Ahmet Djavit An, a pediatrician and a researcher/writer living in
north Cyprus took first Republic of Cyprus (along with others,
Application No. 18270/91, by Ahmet Cavit AN and Others against Cyprus)
and following the rejection by ECHR , took Turkey (Application
No. 20652/92 by Ahmet DJAVIT AN against Turkey) to European Human
Rights Court. In February 2003, ECHR ruled in favour of Ahmet Djavit
An and established that the ban on permissions for him to cross the
"green-line" to have meetings with Greek Cypriots was a violation of
his human rights. The case established, once more, that Republic of
Turkey was solely responsible for the actions of the Turkish Cypriot
administration in north Cyprus.
The case is a landmark case following other judgements by ECHR
regarding the situation in Cyprus. This case can potentially pave the
way for other Turkish Cypriots who are subject to irregular and
illegal ban on their freedom of movement to follow a similar remedy.

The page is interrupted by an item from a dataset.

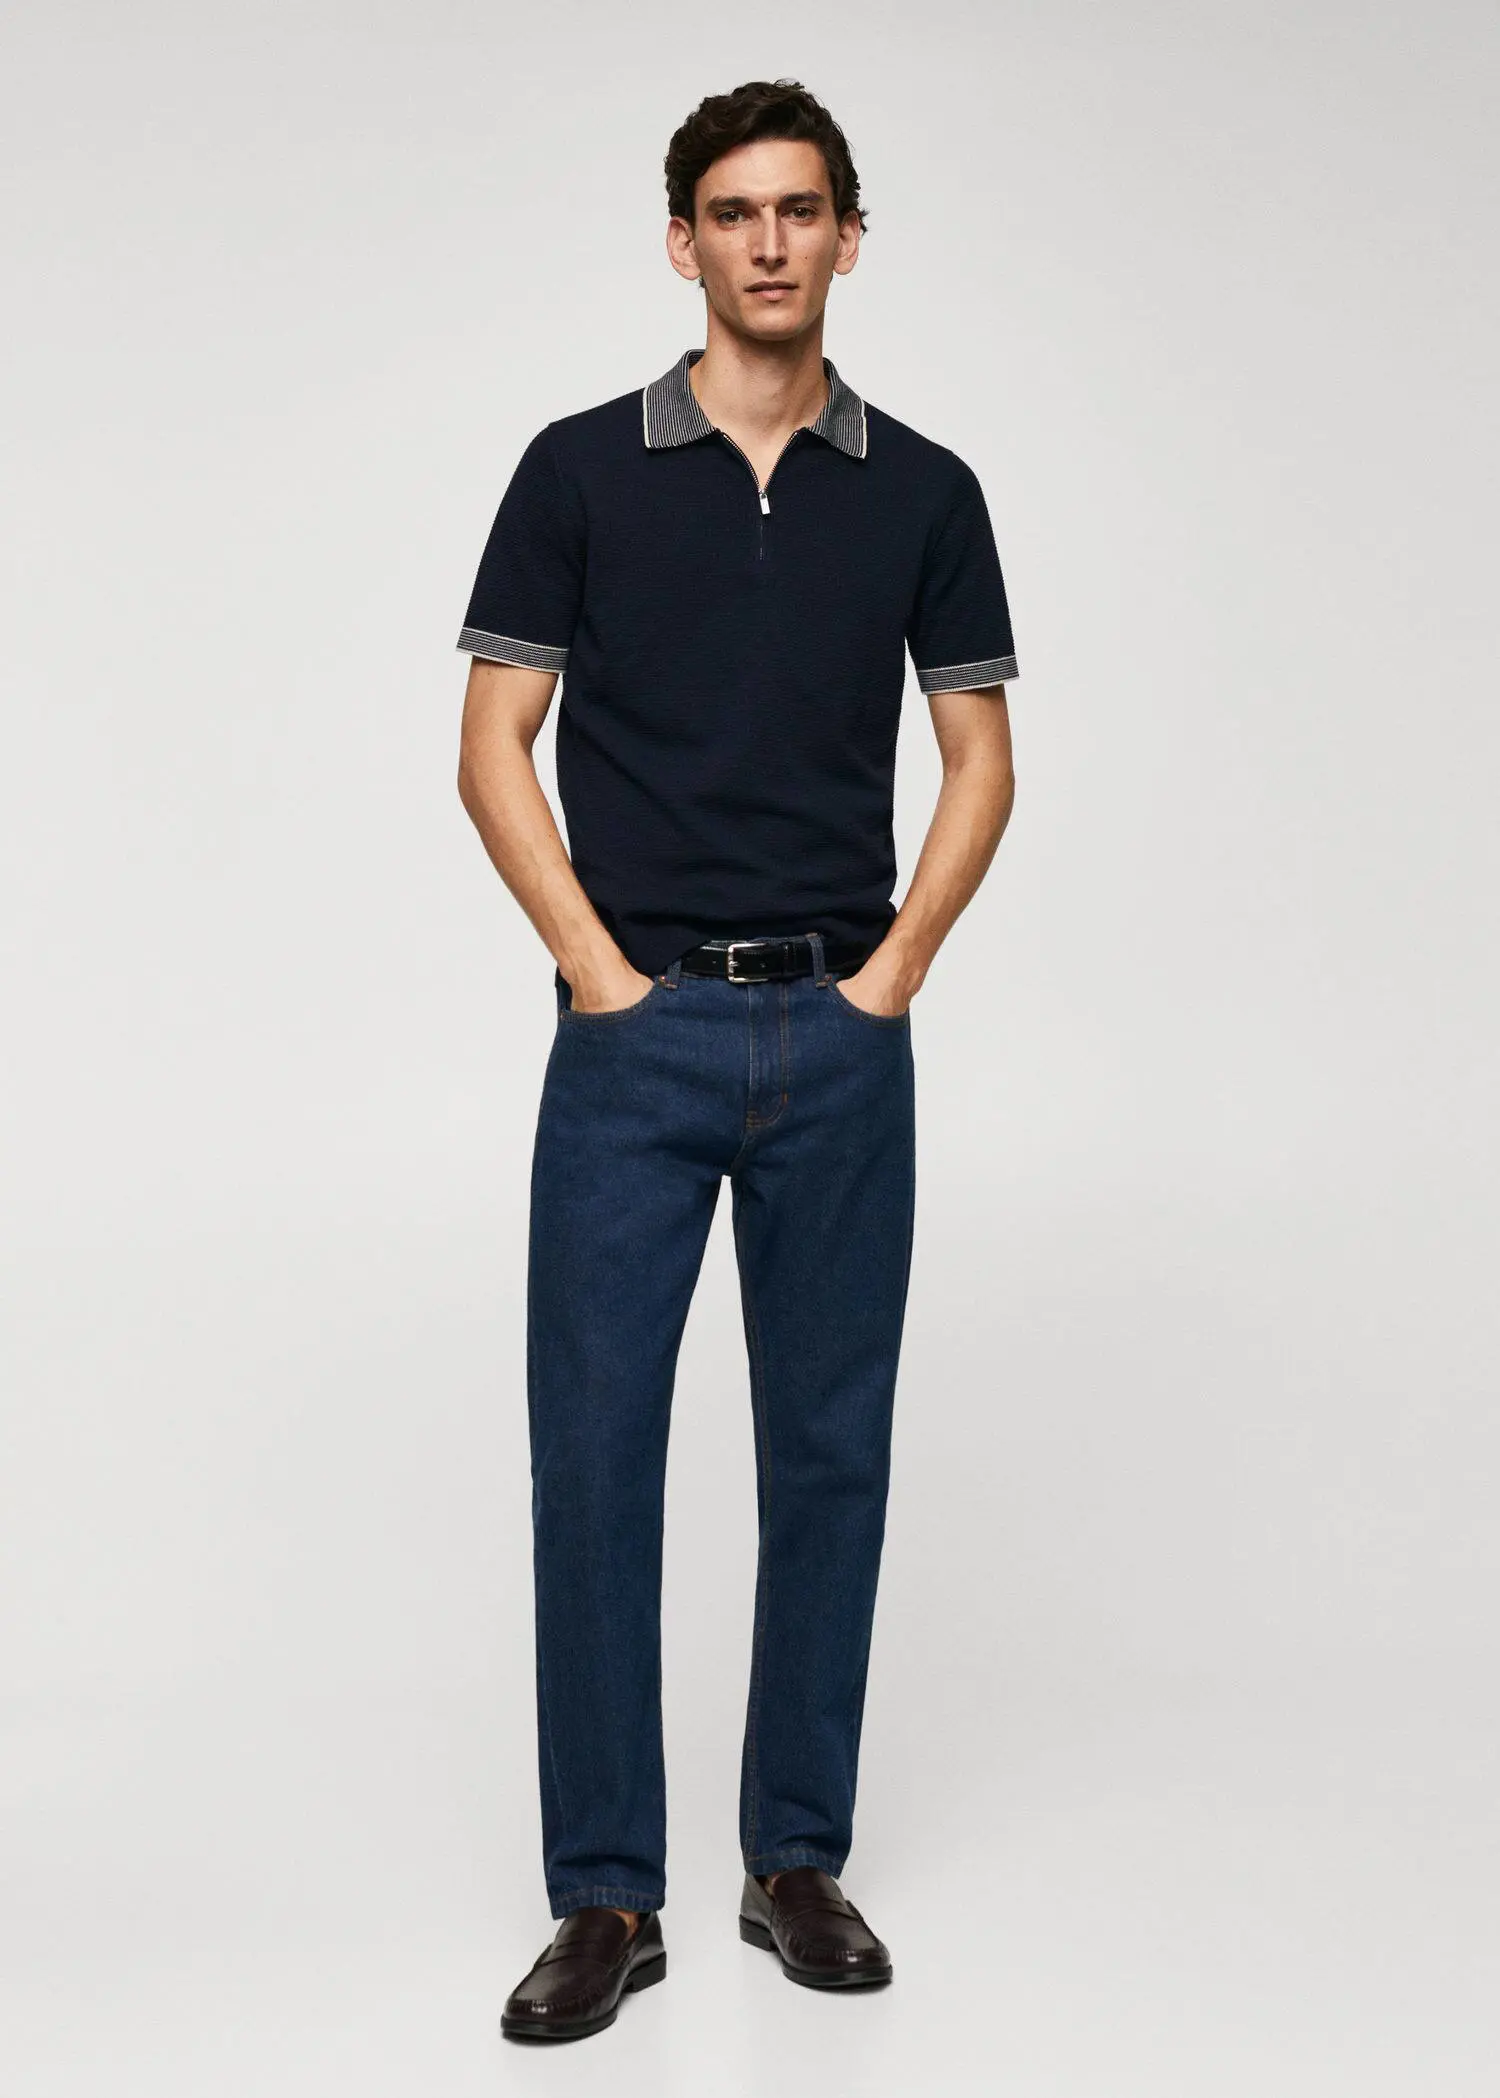 Mango Fine-knit polo shirt with zip. a man in a black polo shirt and blue jeans.

Below are a supplementary list of documents related to this case:
An interview that appeared in Periodiko magazine, Cyprus.
An interview that appeared in Aktuel magazine in Turkey (in Turkish). Prior to the judgement .
In judgement summary, the court summarized the relevant articles
from European Human rights convention as:
Article 10
The Court noted that the question of freedom of expression in the case
could not be separated from that of freedom of assembly. The
protection of personal opinions was one of the objectives of freedom
of peaceful assembly as enshrined in Article 11. It was therefore
unnecessary to examine the issue under Article 10 separately. The
Court decided, however, to consider Article 10 when examining and
interpreting Article 11.
Article 11
The Court noted that it could take into account only the period from 8
March 1992 until 14 April 1998, a period of six years and one
month. During that period the Turkish Government refused to grant a
substantial number of permits to the applicant; in particular, only 6
out of 46 requests were granted. In some cases, permits were granted
to other people who had submitted requests, but not to the
applicant. Between 2 February 1996 and 14 April 1998 the applicant was
refused all permits requested to attend bi-communal meetings in
southern Cyprus (10 in total).
The Court considered that all the meetings the applicant wished to
attend were designed to promote dialogue and an exchange of ideas and
opinions between Turkish Cypriots living in the north and Greek
Cypriots living in the south, with the hope of securing peace on the
island. The refusals to grant these permits to the applicant in effect
barred his participation in bi-communal meetings, preventing him from
peacefully assembling with people from both communities. Accordingly,
the Court concluded that there had been an interference with the
applicant’s rights to freedom of peaceful assembly.
As there seemed to be no law regulating the issuing of permits to
Turkish Cypriots living in northern Cyprus to cross the "green line"
into southern Cyprus to assemble peacefully with Greek Cypriots, the
manner in which restrictions were imposed on the applicant’s
exercise of his freedom of assembly was not "prescribed by law". There
had, therefore, been a violation of Article 11.
Article 13
The Court observed that, as the Turkish Government had failed to show
that any of the domestic remedies available would have been effective,
there had been a violation of Article 13.